Oscars: Alan Arkin on nod for 'Argo,' Ben Affleck's snub
Of all the snubs for this year’s Academy Awards, one of the biggest shockers has easily been Ben Affleck’s missing nomination for directing Argo. But Affleck shouldn’t fret too much. Alan Arkin — who wasnominated for his performance as the acerbic Hollywood producer who aids the CIA’s real-life rescue of six Americans trapped in Iran — hopes his fellow actor-director keeps all the accolades Affleck’s already received in perspective.
“He’s certainly got an enormous amount of attention for it across the board,” Arkin told EW, “and I think it absolutely secures his place as one of the most important directors in the country. So even though it’s a slight, I think he’s in good shape.”
The four-time nominee, who won in the same category for 2006’s Little Miss Sunshine, has also dabbled in directing from time to time, and he notes that Affleck’s background as an actor lent him an insight that helped the movie. “I think actors in general tend to be kinder to actors because they have a sense of what the needs and expectations are,” Arkin says. “Ben was very warm, very kind, very articulate, and exacting. He knew exactly what he wanted and needed and we weren’t allowed to run rampant. He had a very tight control on the tone of the film and it shows.

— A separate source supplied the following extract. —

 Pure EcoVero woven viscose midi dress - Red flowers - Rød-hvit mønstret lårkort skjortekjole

It’s a meticulously directed movie.”
Argo itself, however, isn’t exactly meticulous when it comes to sticking close to the facts of the real-life story its telling — unlike Lincoln, which won the most nods this year with 12, including for director Steven Spielberg. Questions of factual accuracy have also plagued Zero Dark Thirty, about the hunt for Osama bin Laden — and that film’s director, Kathryn Bigelow, also failed to earn a nomination for her work.

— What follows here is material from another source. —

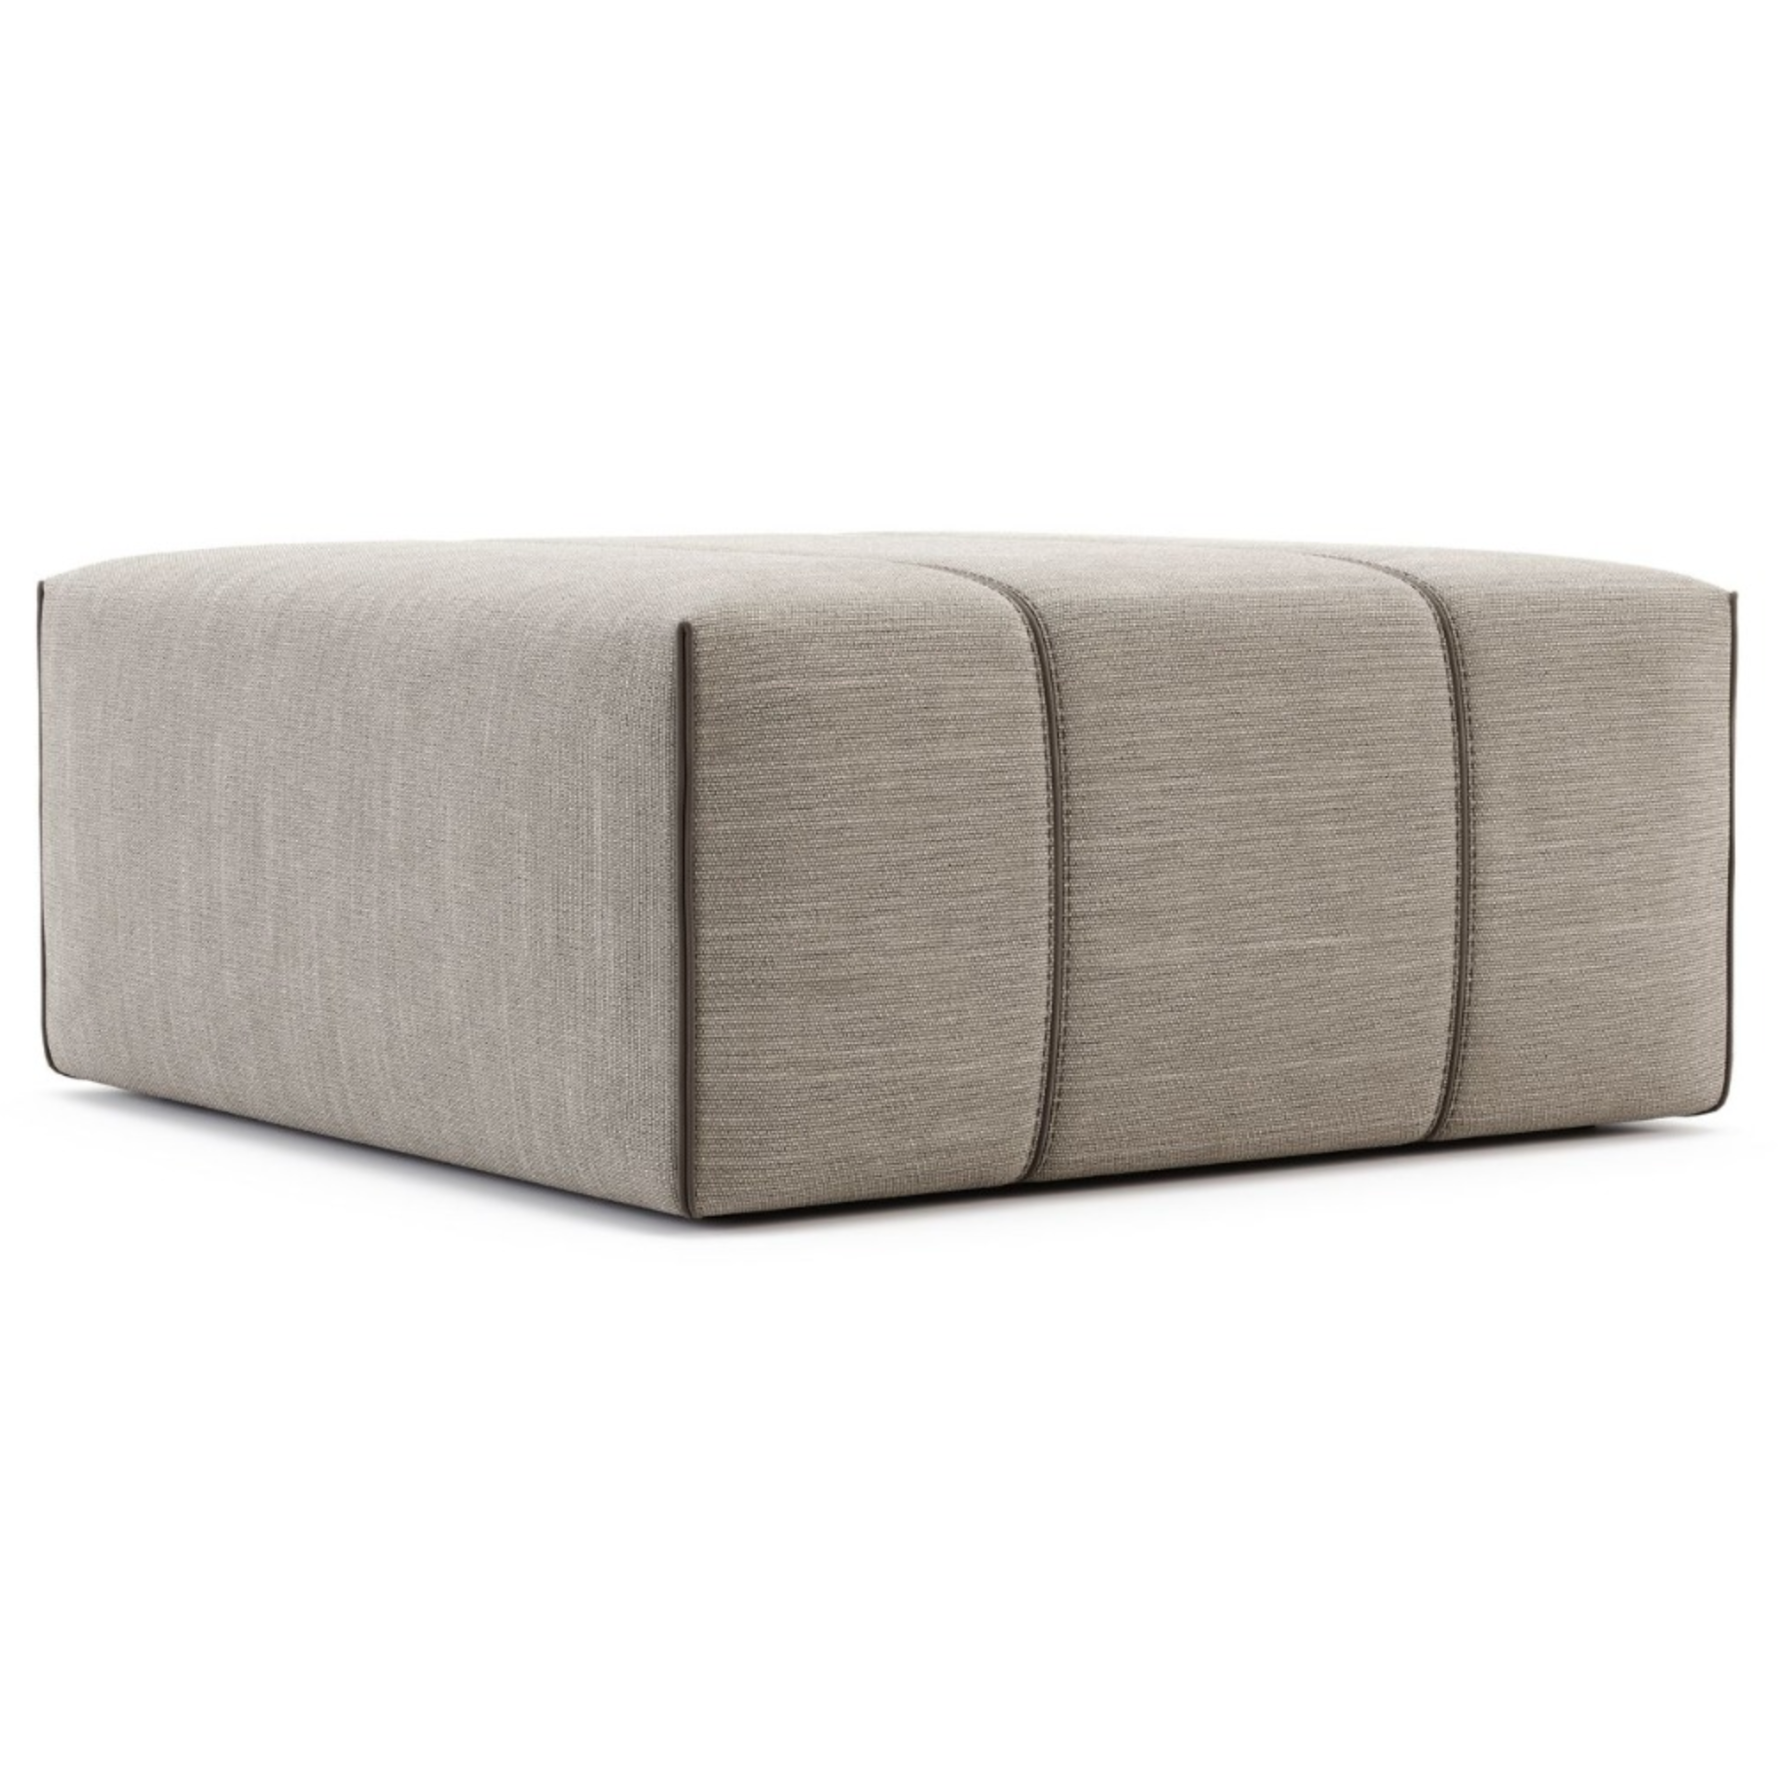 Domkapa Grant Large Pouffe - Customisable | Modern Furniture + Decor

Arkin, however, dismisses these concerns as beside the point. “People bend the facts and shape them to their whim and will whenever they want. “When a movie calls itself a documentary and is pointing to things that are actually going on, it’s still skewed,” he says. “Reality is skewed by how people look at things, invariably. My concern with Argo is that it’s an immaculate and deeply moving film. I don’t even care the extent to which it mirrors the naturalistic reality of what [really] happened. All I care is that I walk out of that theater moved and elated by its view of the human condition and what we can accomplish as a result of imagination and invention, and not resorting to violence. A major operation is accomplished without a single shot being fired. It’s done peacefully and imaginatively. I think it matters how you end up feeling. That’s enough for me, I don’t need to see chapter and verse.”
But enough about history and politics. How does the 78-year-old Arkin feel about his nomination? “It reminds me that I’m still alive.”